I was under the impression that whirlpinch used tile regions, which
should do blocking automatically.  It's been a couple years since I
looked at the code, though.

Hm, it does not.  The issue with whirlpinch is that there's only a
weak locality relationship between destionation pixels (which are
iterated across the image) and source pixels (which are fetched with
the pixel fetcher).  I haven't looked too closely at your blocking
patch, but I suspect that much the same improvement would be had by
using a pixel region (which respects tiles) to iterate across the
destination region.  

Whirlpinch also has an optimization to do the top and bottom whirls
simultaneously to save calculations.  This might actually be more of a
loss because of the locality hit on the tile cache.

If I get some spare time, I might look at this more closely.

Kelly
___
Gimp-developer mailing list
[EMAIL PROTECTED]
http://lists.xcf.berkeley.edu/mailman/listinfo/gimp-developer



Re: [Gimp-developer] [patch] Major speedup for whirlpinch plugin

2001-04-05 Thread Georg Acher

On Thu, Apr 05, 2001 at 12:45:52PM -0500, Kelly Martin wrote:
 
 Hm, it does not.  The issue with whirlpinch is that there's only a
 weak locality relationship between destionation pixels (which are
 iterated across the image) and source pixels (which are fetched with
 the pixel fetcher).  I haven't looked too closely at your blocking

That is right, but destination and source for themselves have good locality
(ie. the next pixel isn't 500 pixels away from the last).
I have tried whirlpinch with huge distortion values, and the worst case was
8s instead of 6.5s, still better than 30s ;-)

 patch, but I suspect that much the same improvement would be had by
 using a pixel region (which respects tiles) to iterate across the
 destination region.  

That is possible... Is there a filter that definitely uses the pixel region
stuff?
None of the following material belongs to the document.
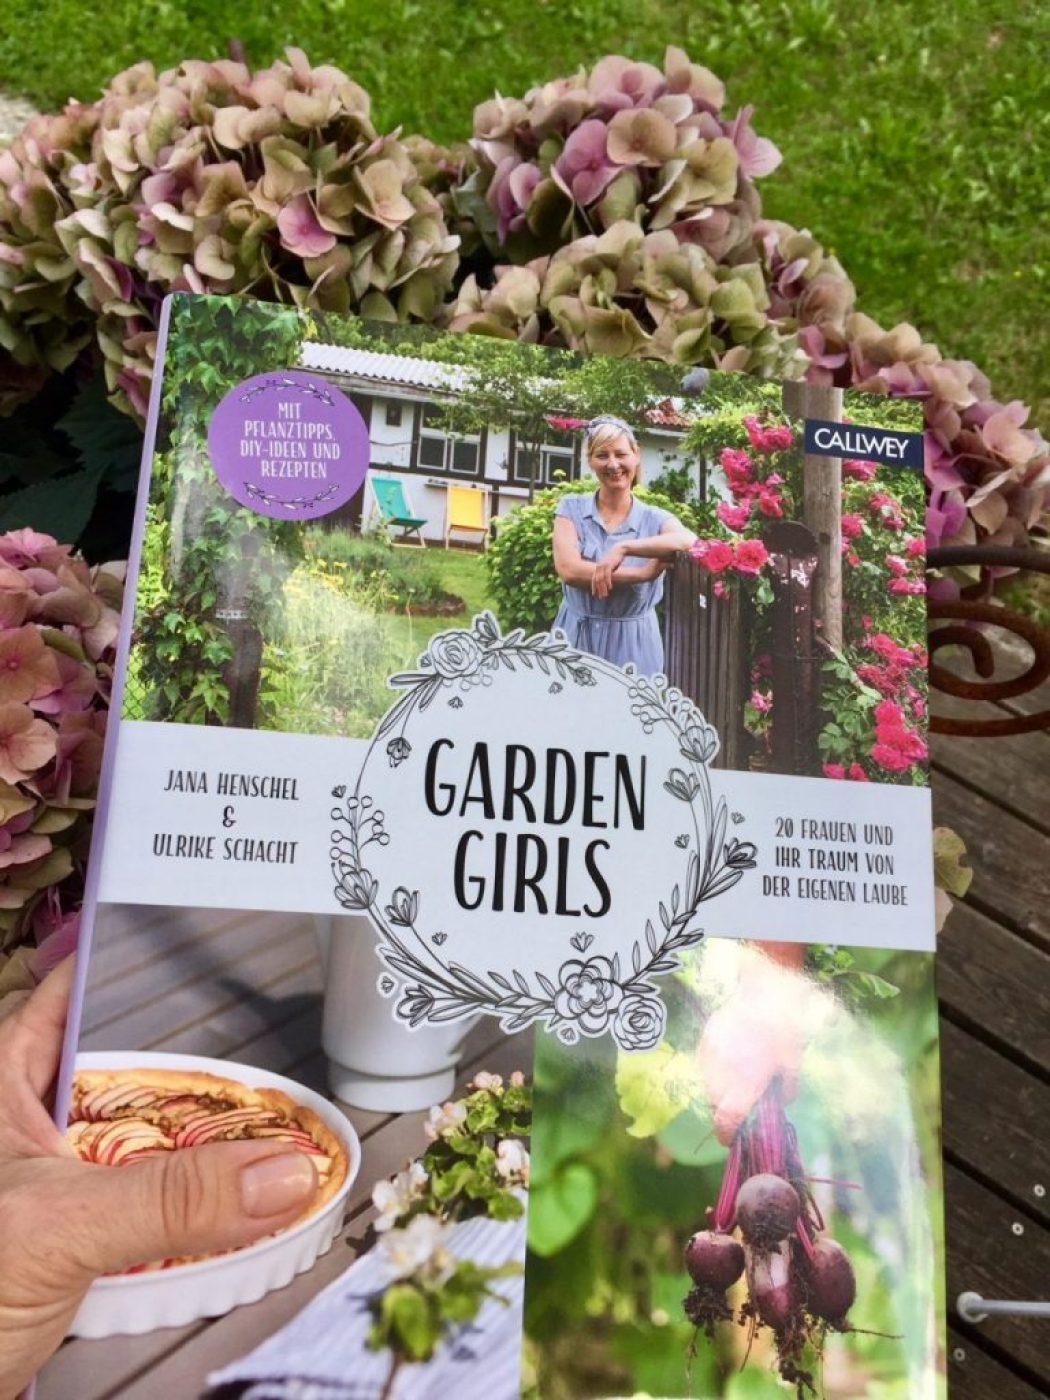 sonntag ist lesetag. garden girls!

Most filters I have seen only use one row, which may not be enough
"locally", since it uses only one pixel but has to fill a whole cacheline
(4/8 pixel). I will try whether I can speed up bumpmap also, since this
takes also the magical 30s and is much more often used in scripts than the
whirlpinch module.

I don't know how large a tile is, but since IMHO the major impact of
blocking seems to come from the CPU cache, I suspect that is too big for
older CPUs. I have done the whirlpinch blocking thing about three years ago
(and forgot to send the patch), and tried it on an Alpha21164 and a P5. 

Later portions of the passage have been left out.